>>>

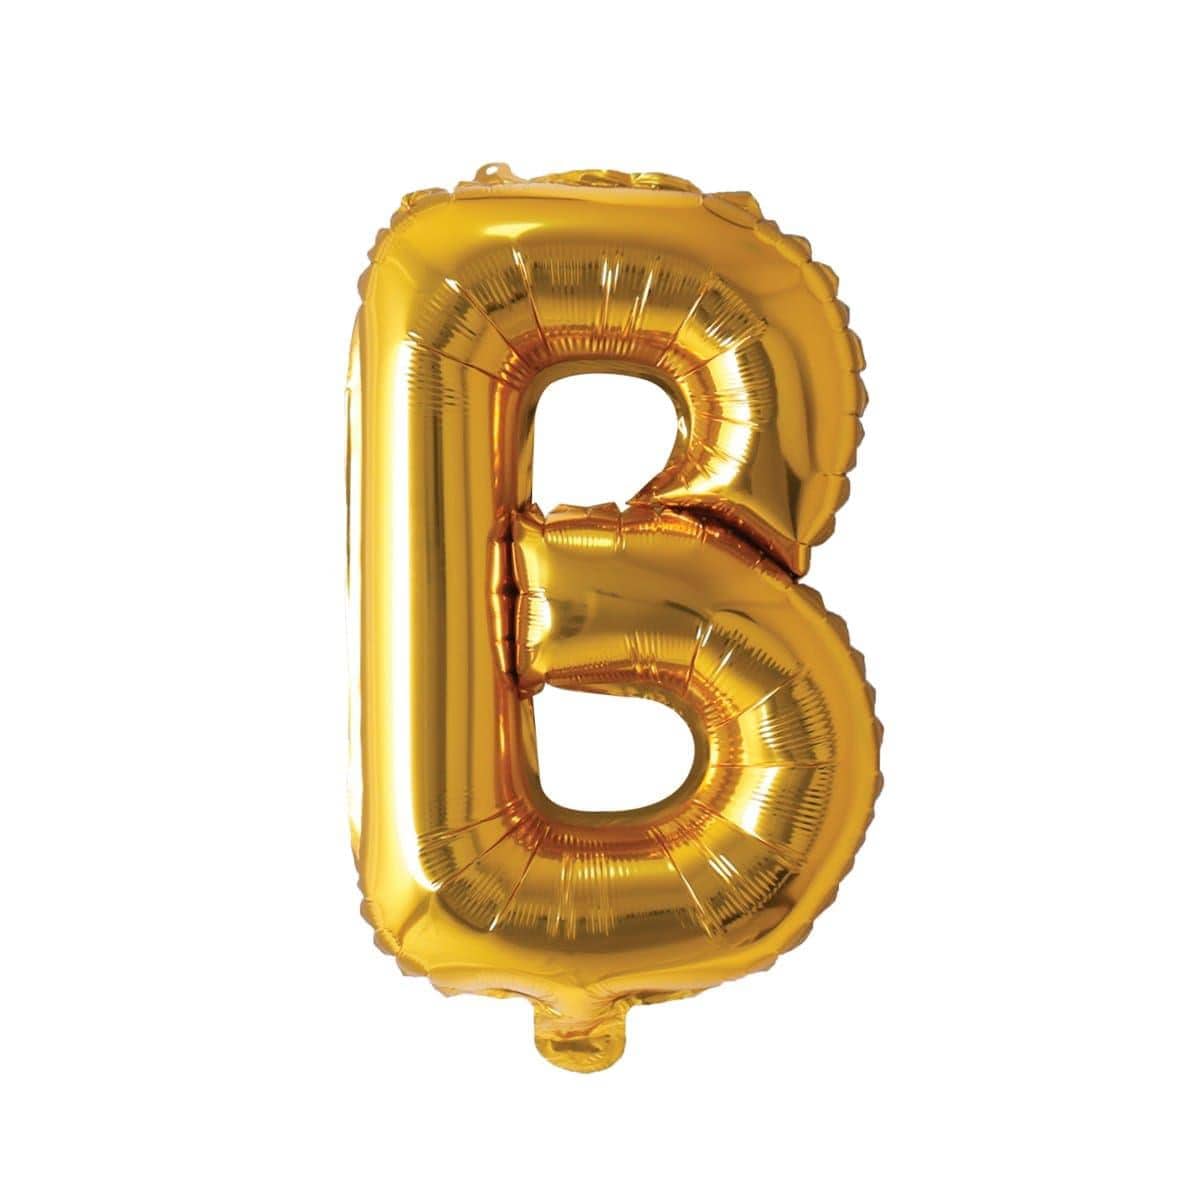 Buy Balloons Gold Letter B Foil Balloon, 16 Inches sold at Party Expert
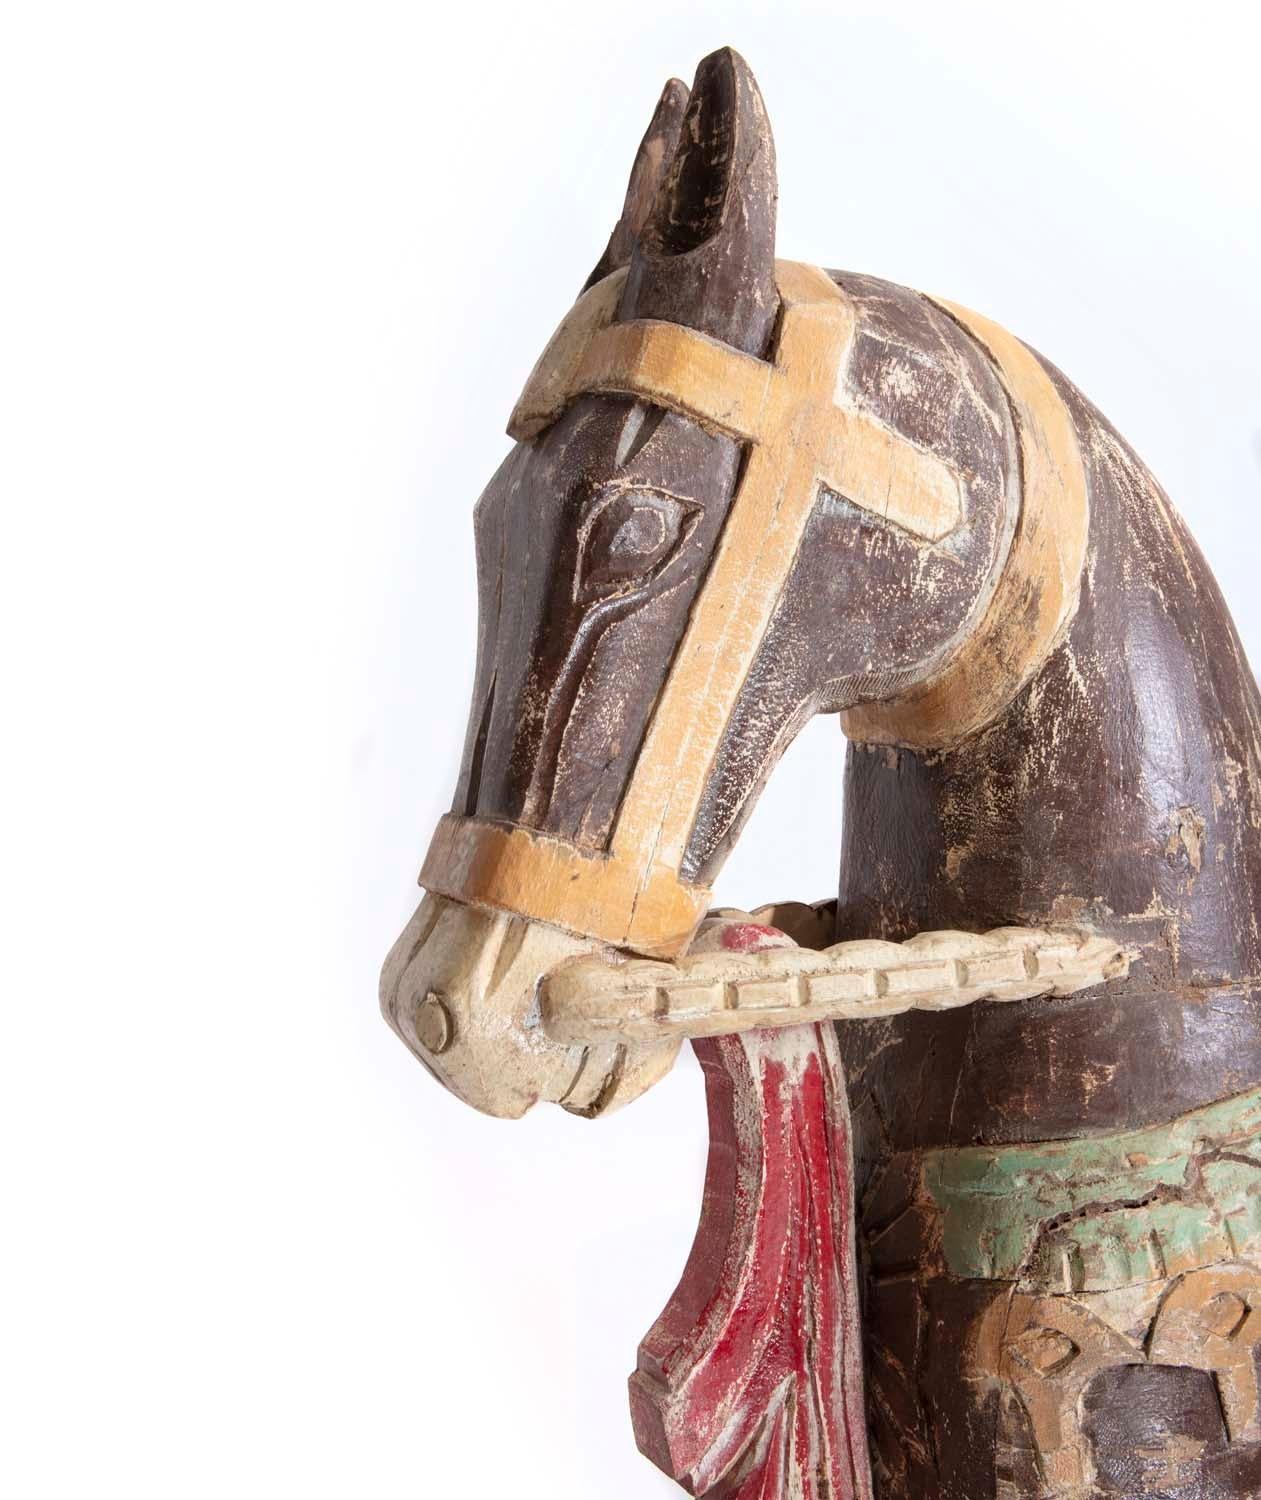 20th Century Four Foot Tall Antique Hand-Painted Wooden Horse with Bird Saddle from India For Sale
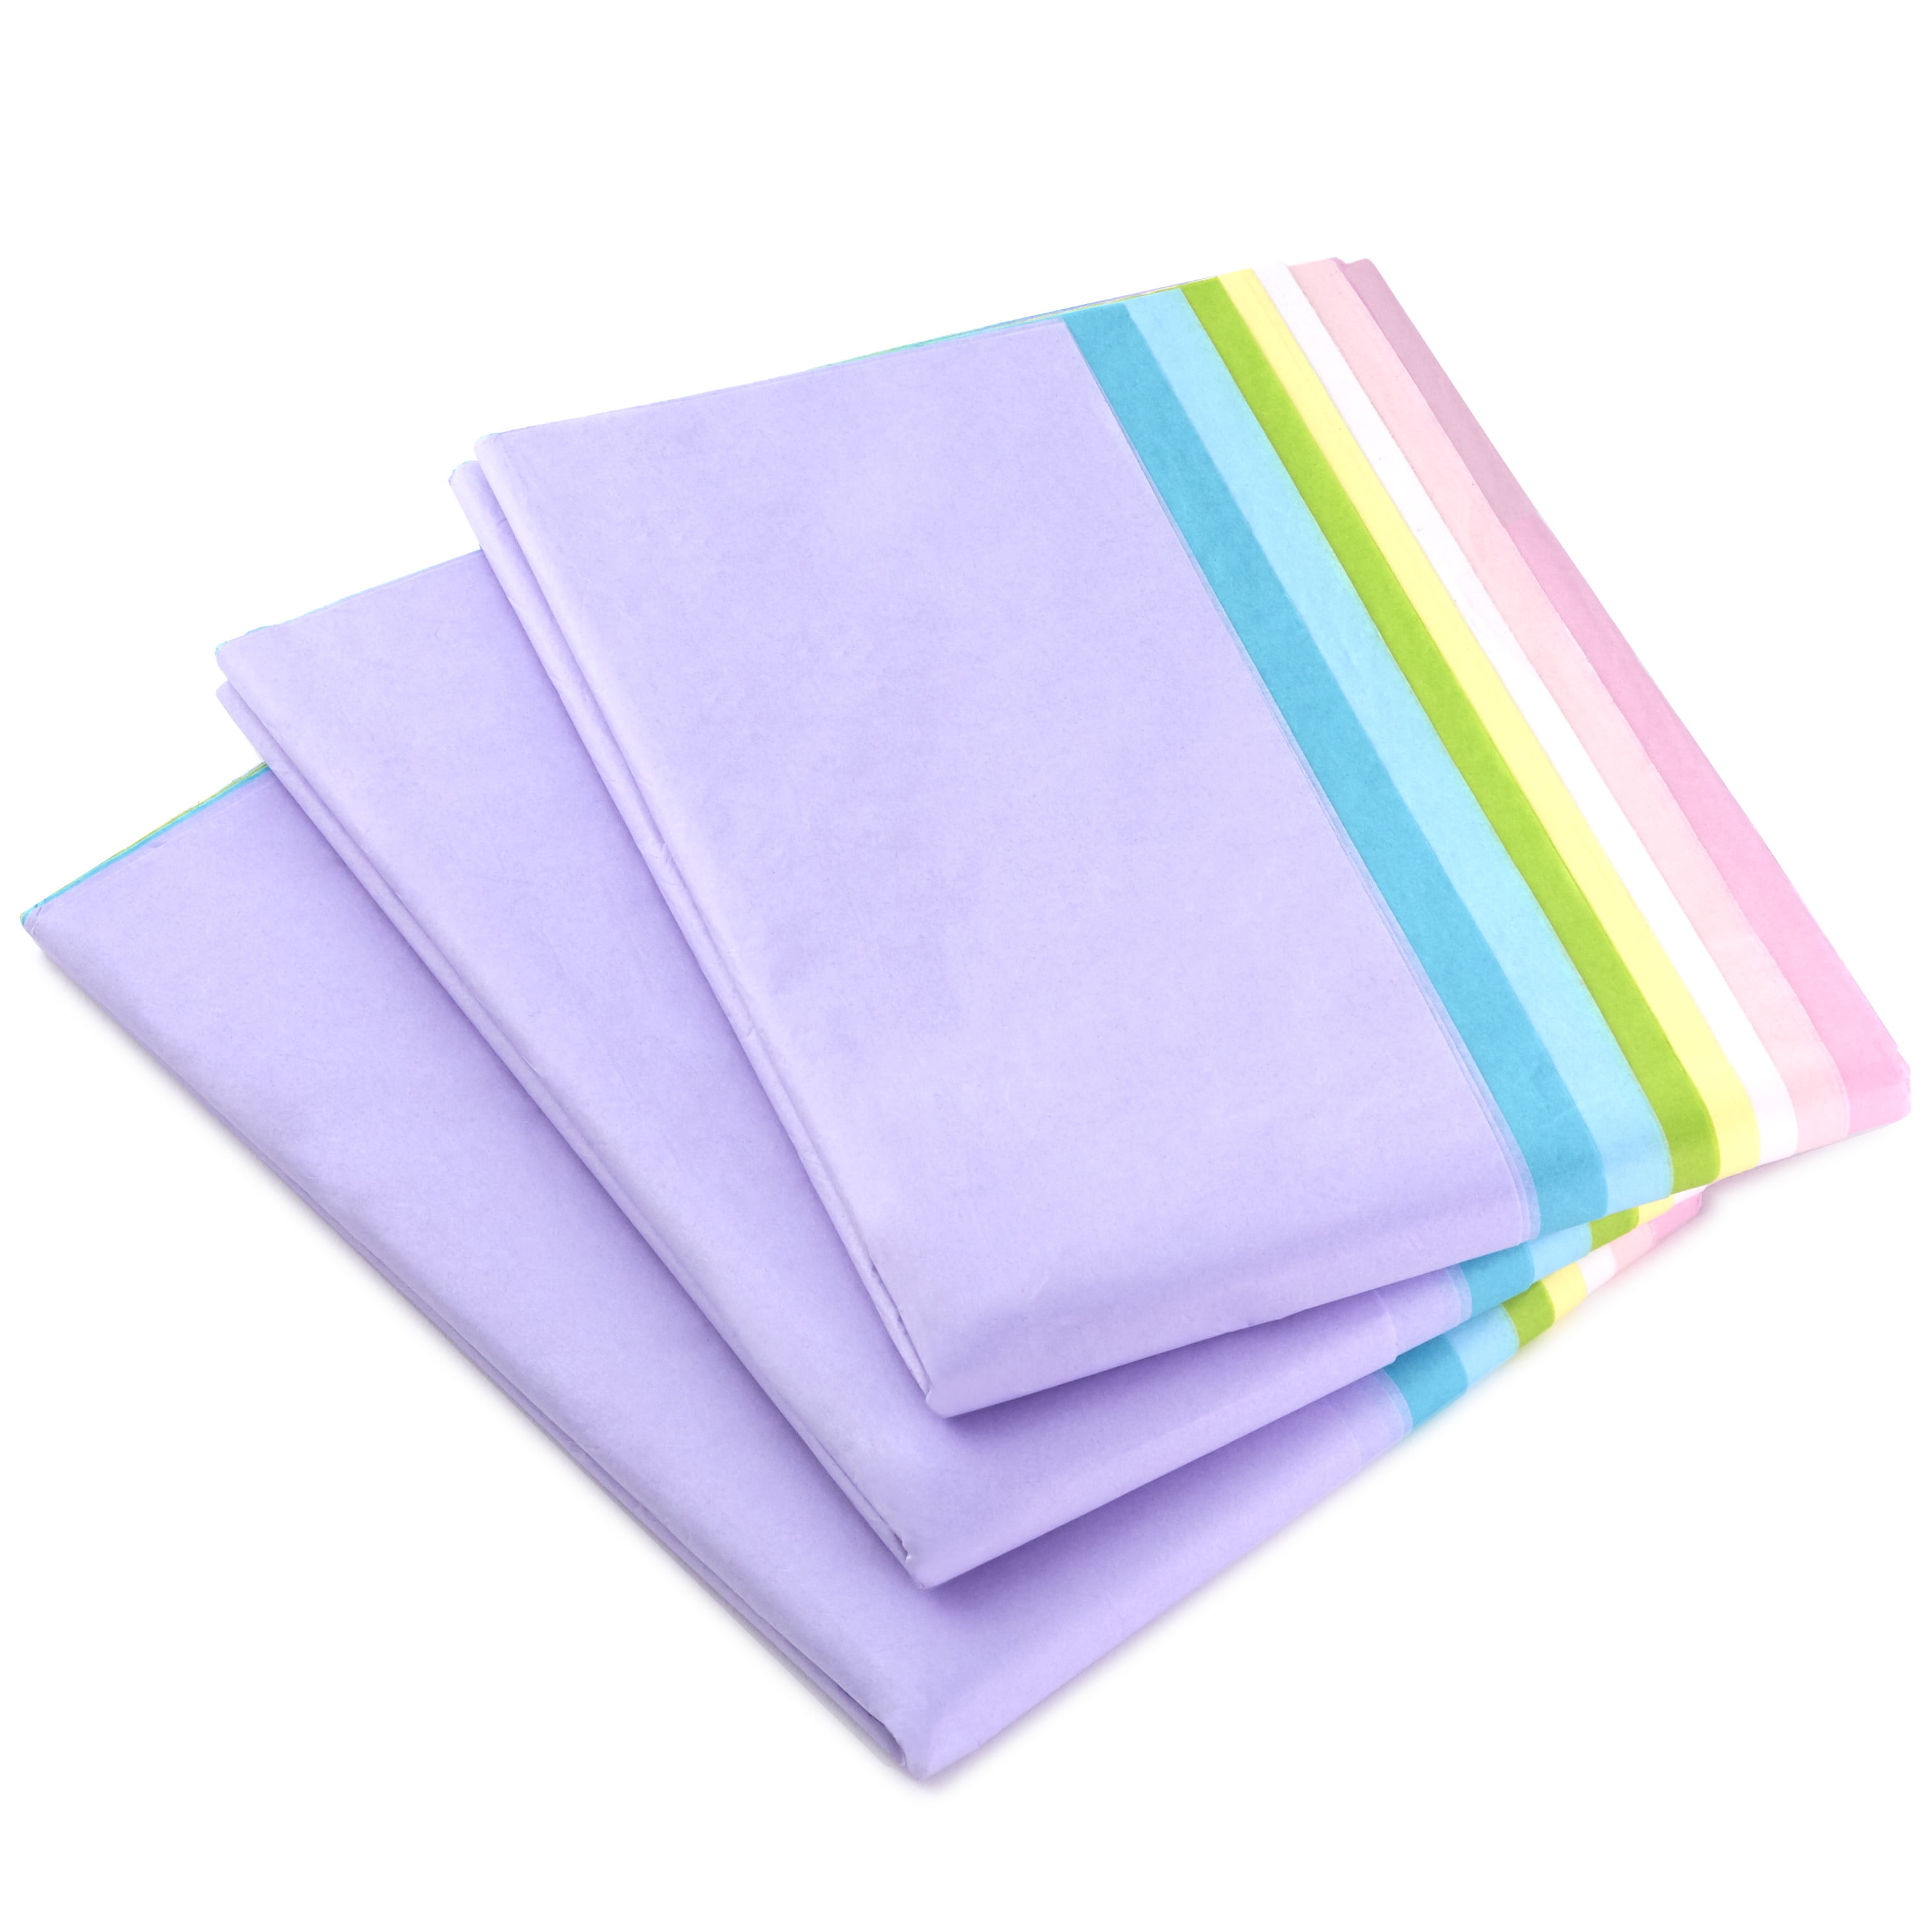 Hallmark Tissue Paper (Pastel Rainbow, 8 Colors) 120 Sheets for Gift Wrap,  Crafts, DIY Paper Flowers, Tassel Garland and More

<<<

**Directions:**
Every line from the one holding "20th Century Four" through the final line of the data above is to be reproduced exactly, both ends included, with the pictures left out.

**Task result:**
 20th Century Four Foot Tall Antique Hand-Painted Wooden Horse with Bird Saddle from India For Sale
 Hallmark Tissue Paper (Pastel Rainbow, 8 Colors) 120 Sheets for Gift Wrap,  Crafts, DIY Paper Flowers, Tassel Garland and More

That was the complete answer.